■ REQUIREMENT: For this exercise, restate word for word only the lines from the one containing "คุณสมบัติผู้สมัคร ttb DRIVE" through the last line below. Pictures do not get copied.

■ SUPPLIED DATA:

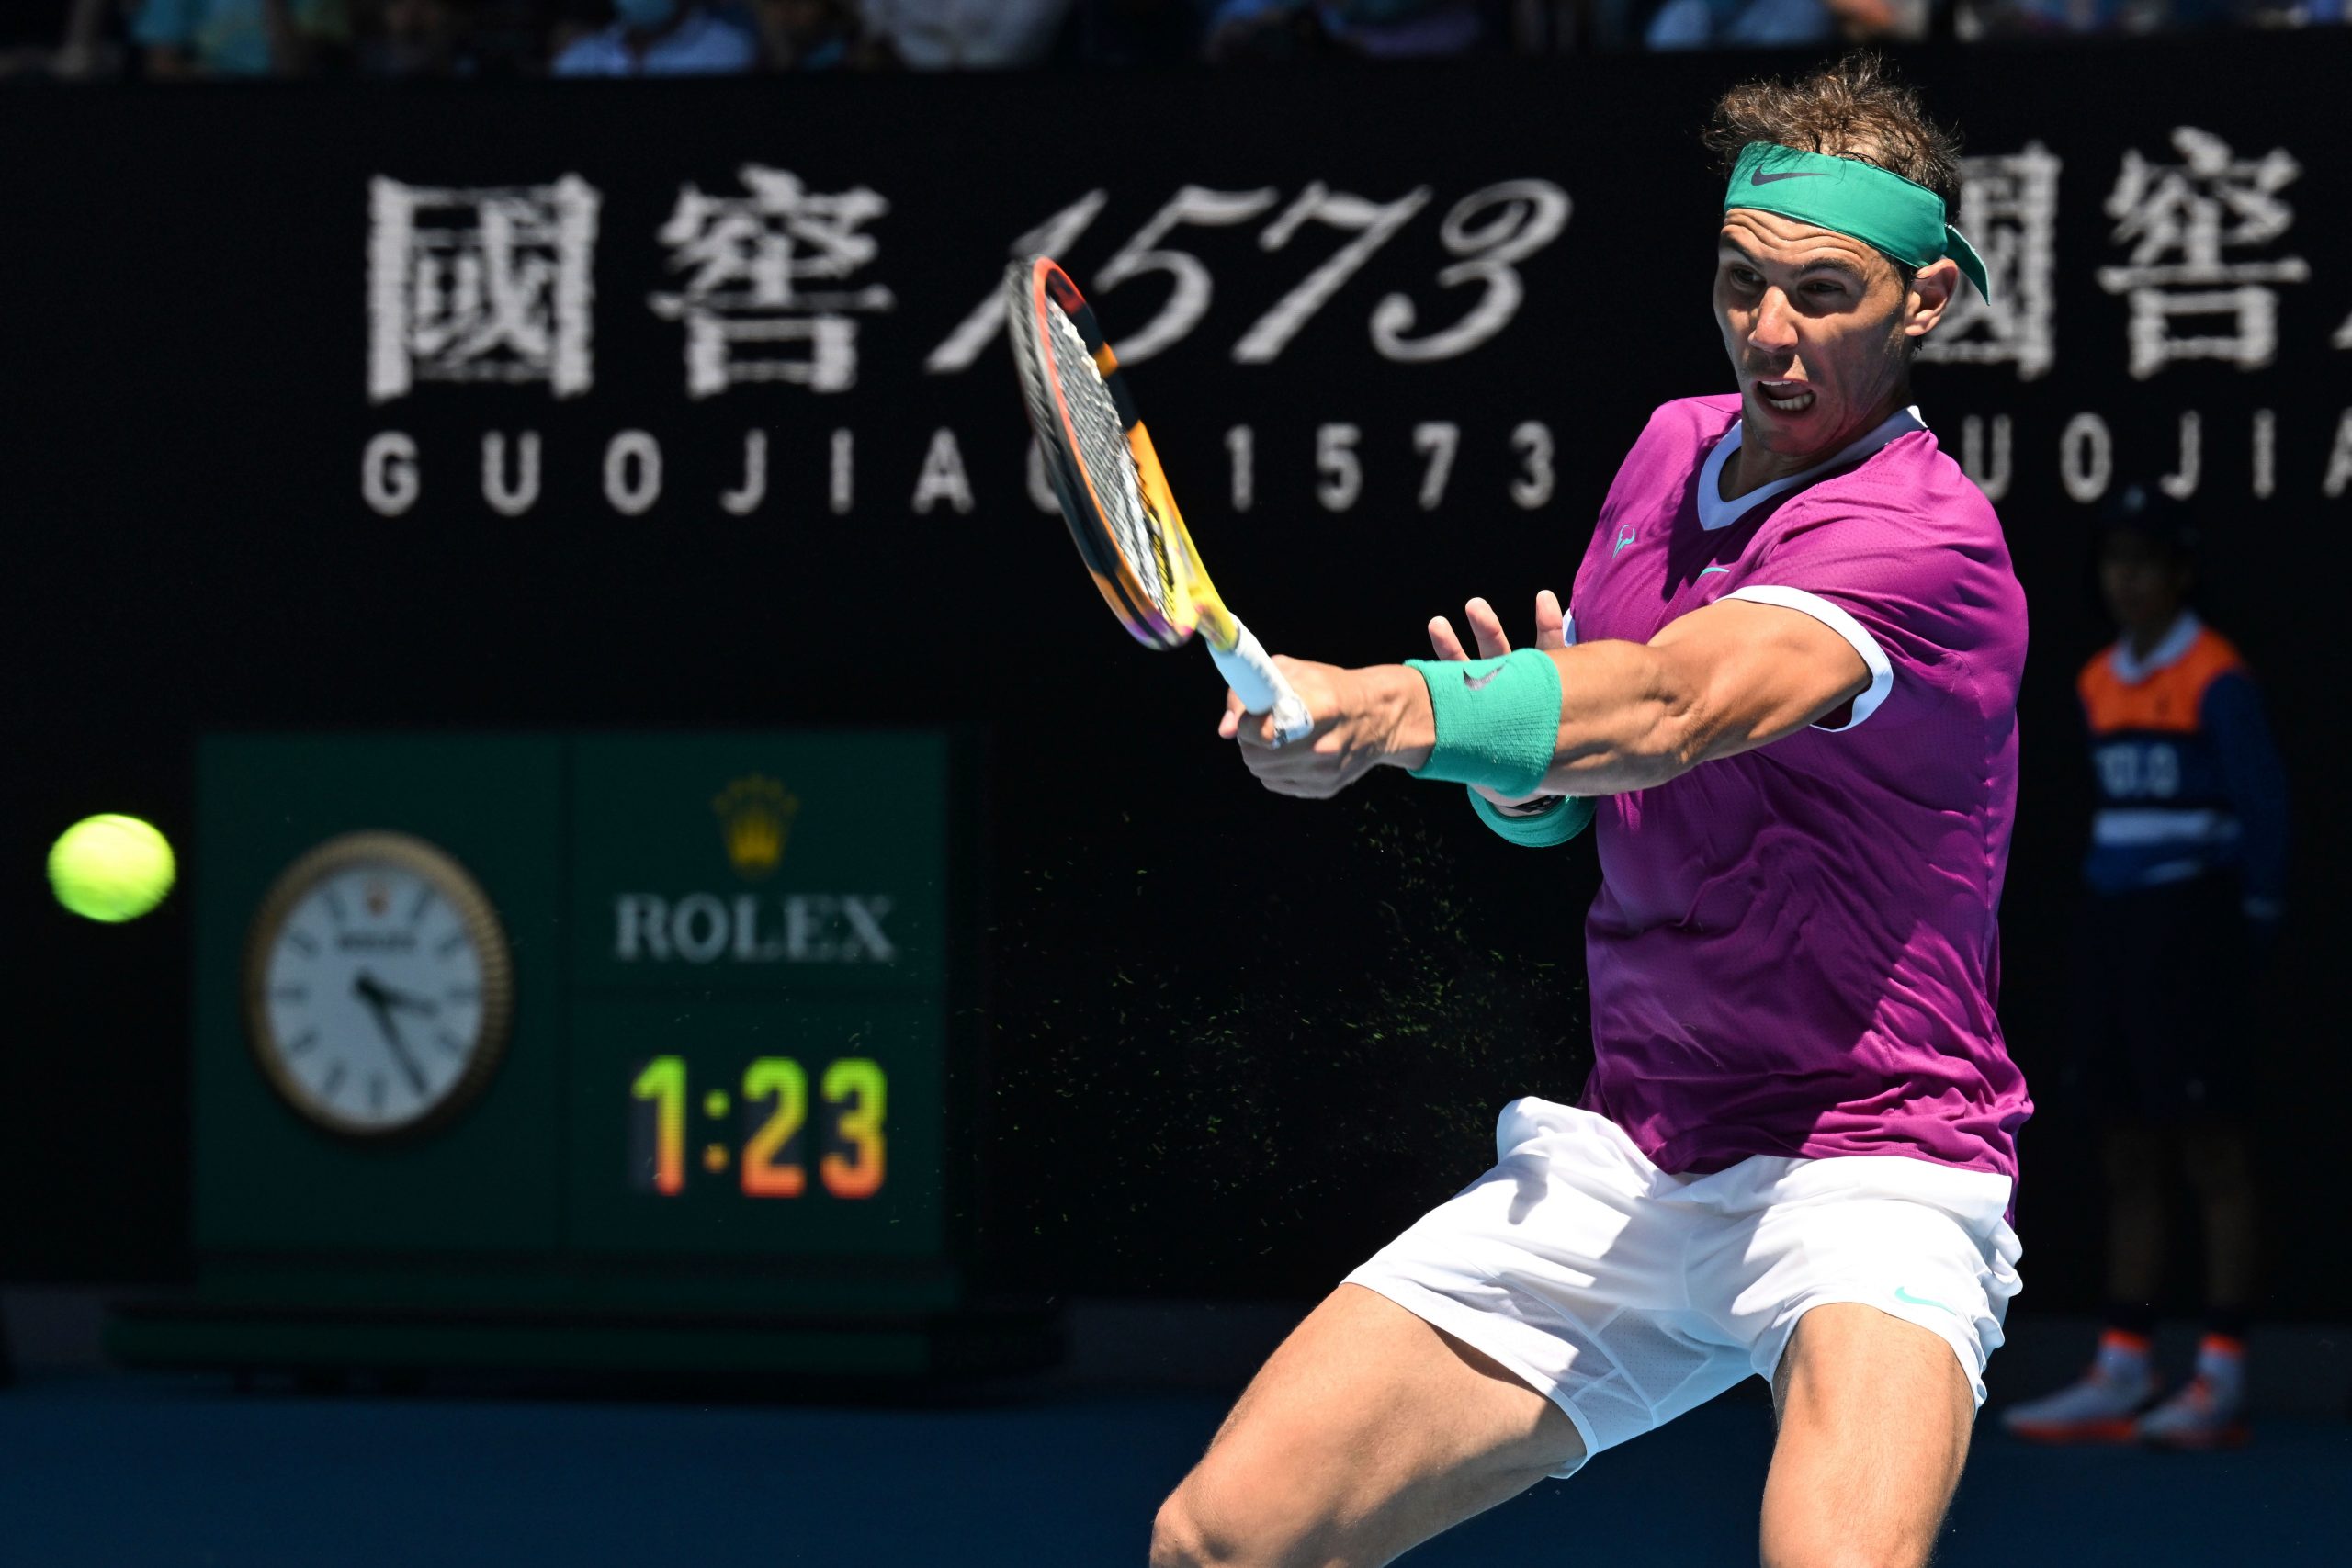 Australian Open Final: Rafael Nadal is sweating against Daniil Medvedev
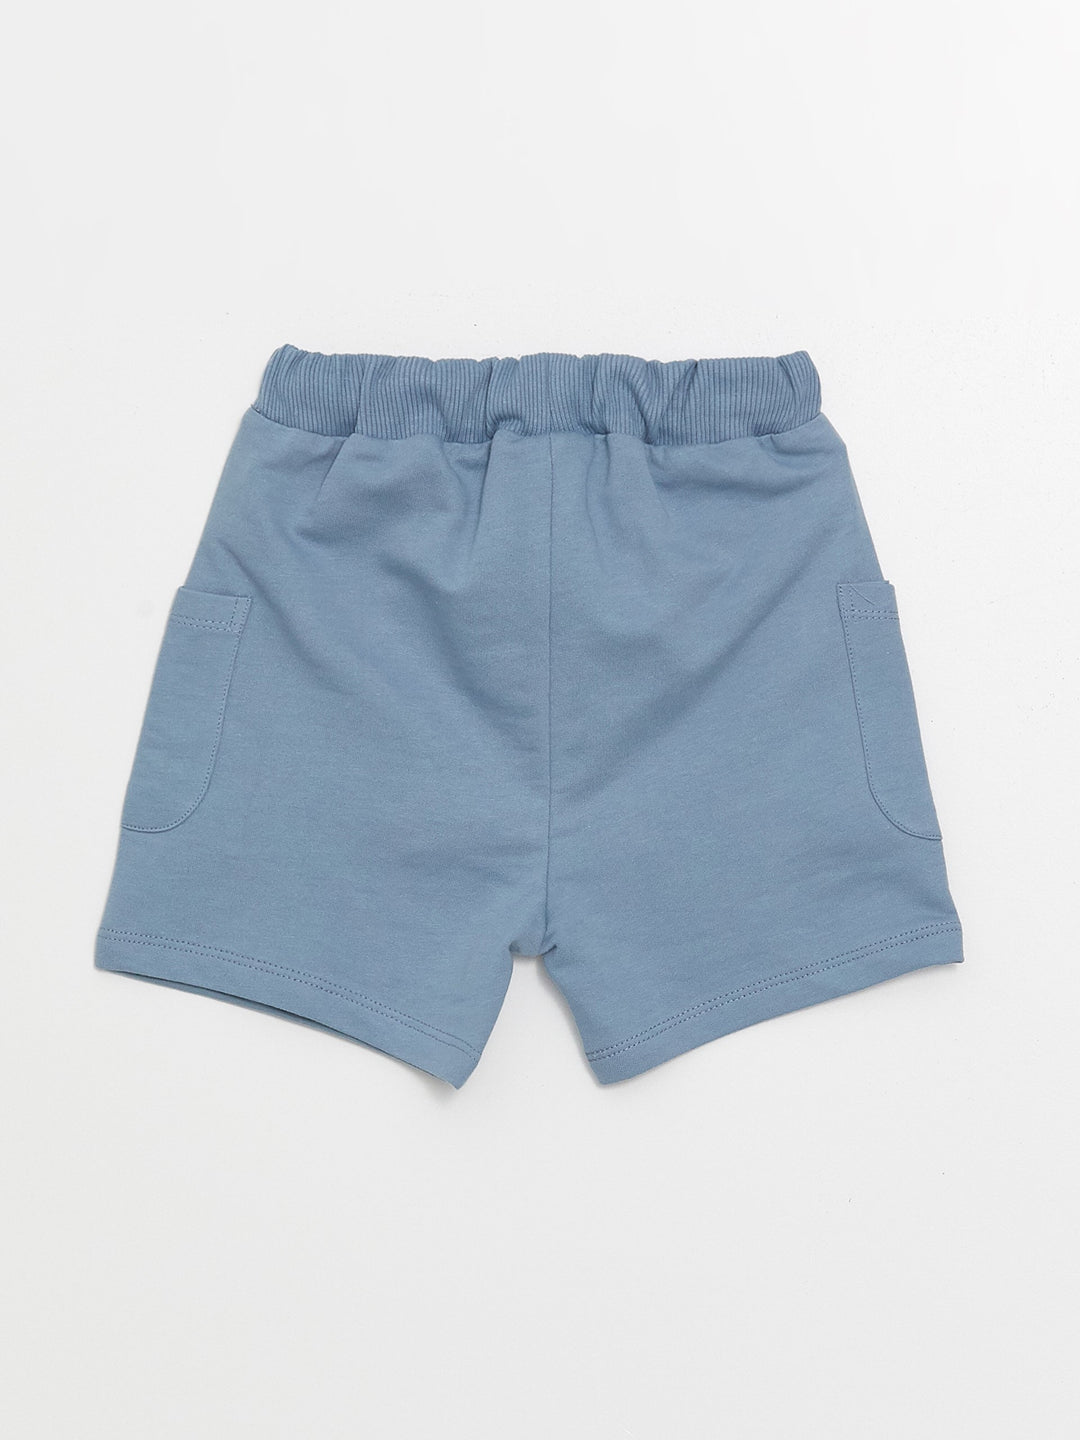 Basic Baby Boy Shorts with Elastic Waist, 2-pack
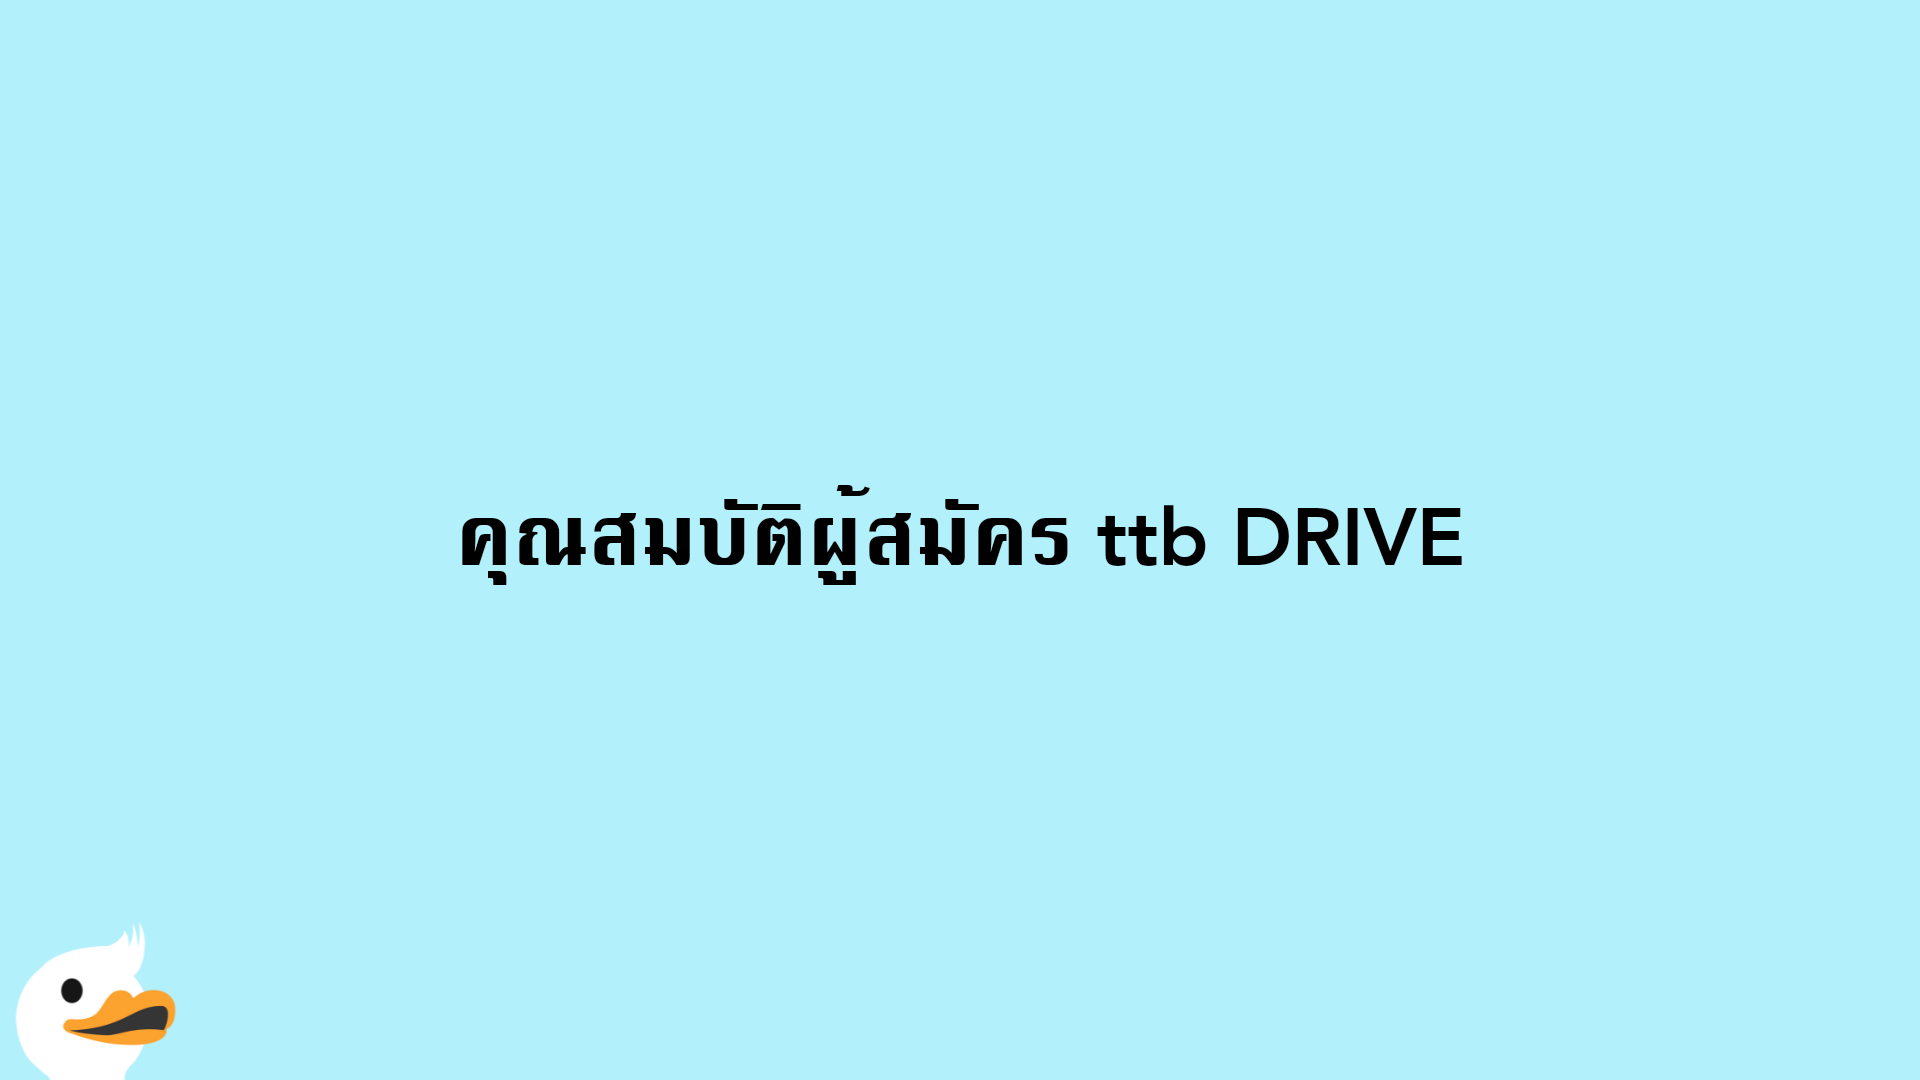 คุณสมบัติผู้สมัคร ttb DRIVE
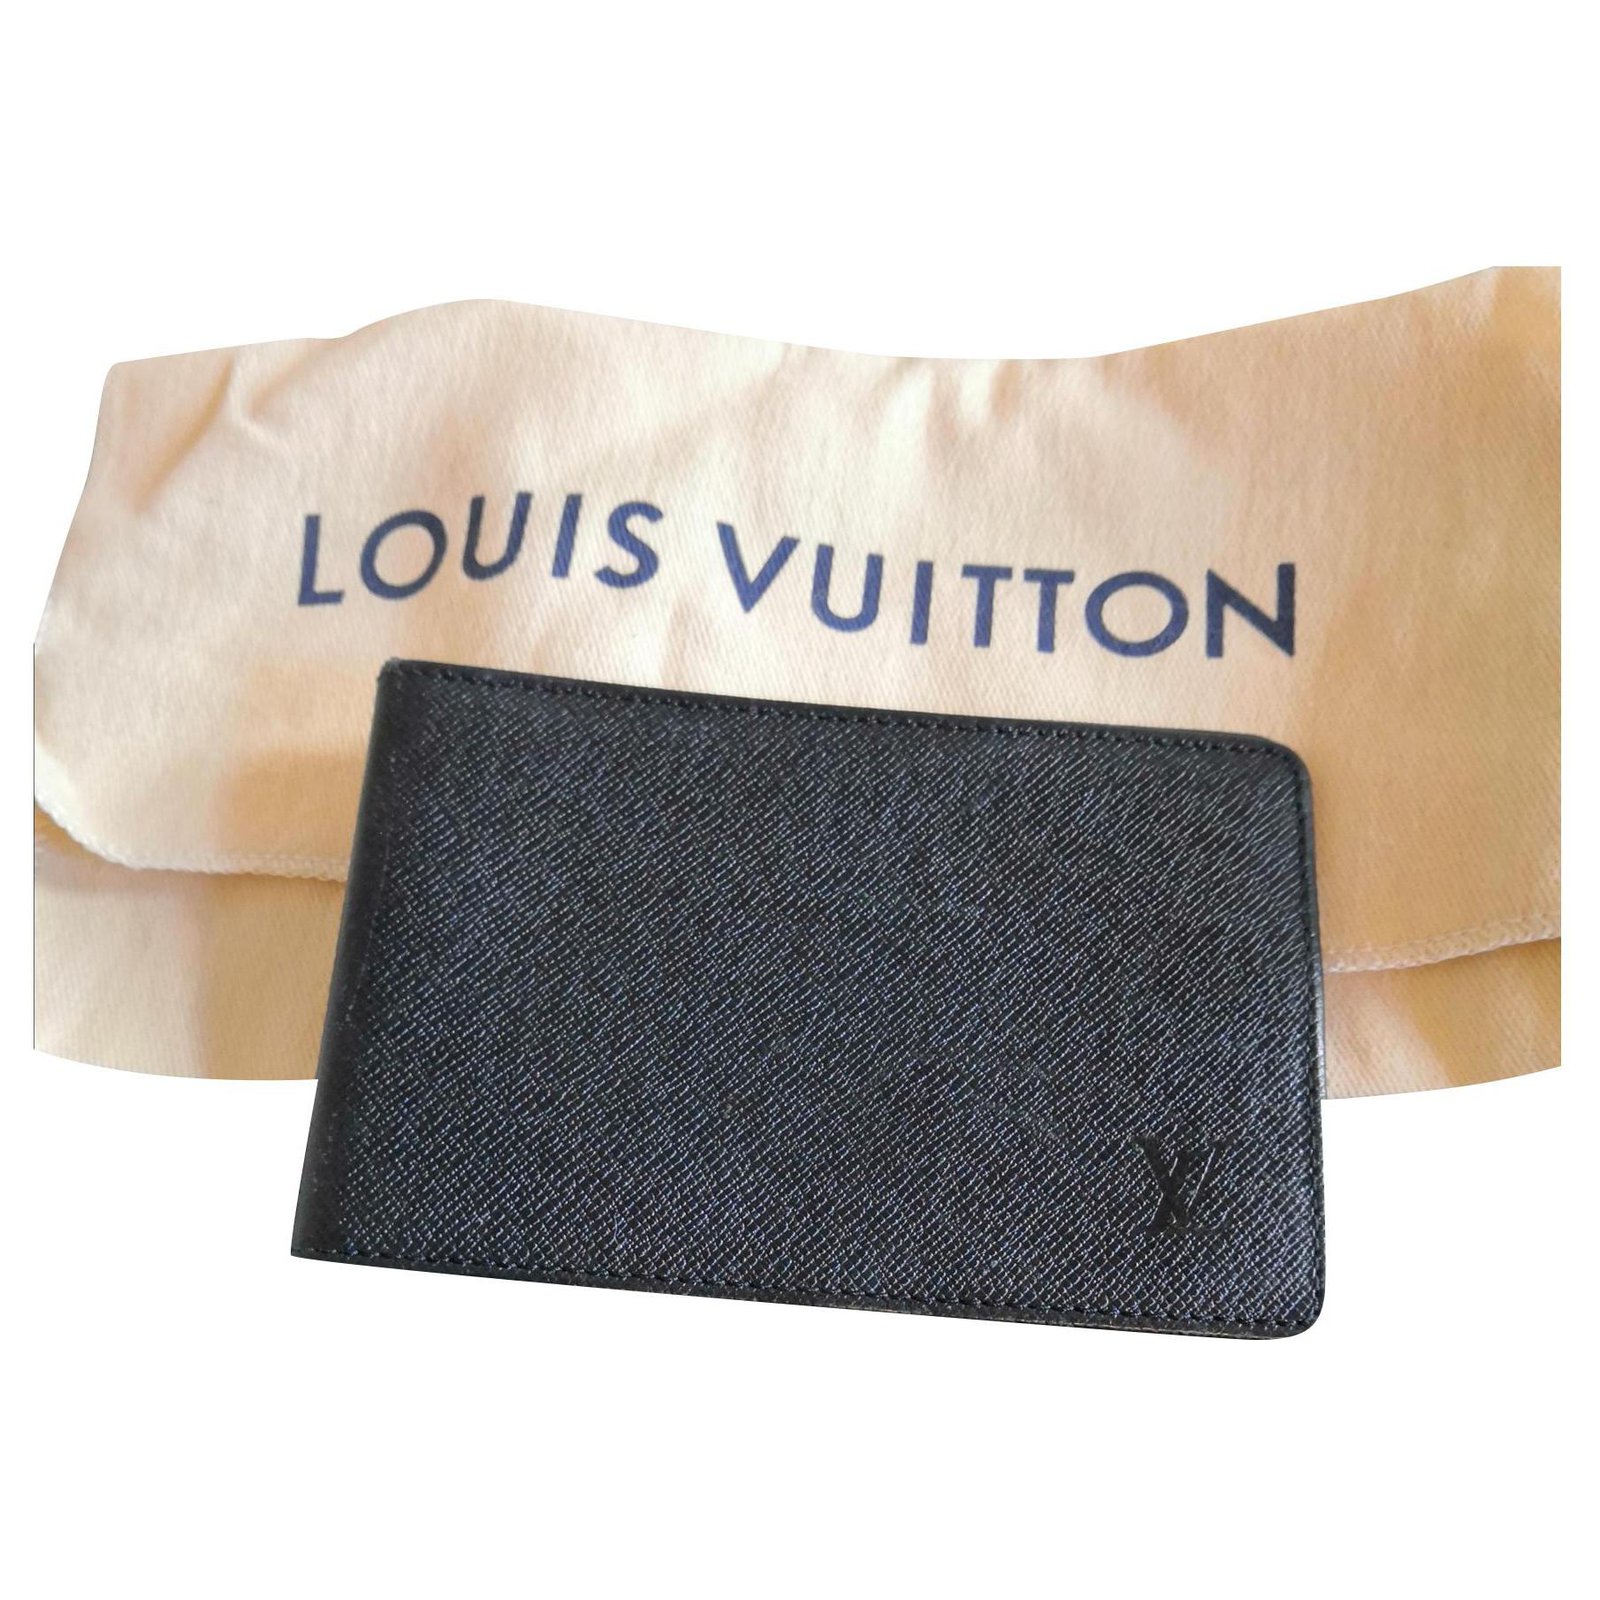 Louis Vuitton Wallet Date Code Checker

■ RESULT FOR THIS TASK:
 คุณสมบัติผู้สมัคร ttb DRIVE
 Louis Vuitton Wallet Date Code Checker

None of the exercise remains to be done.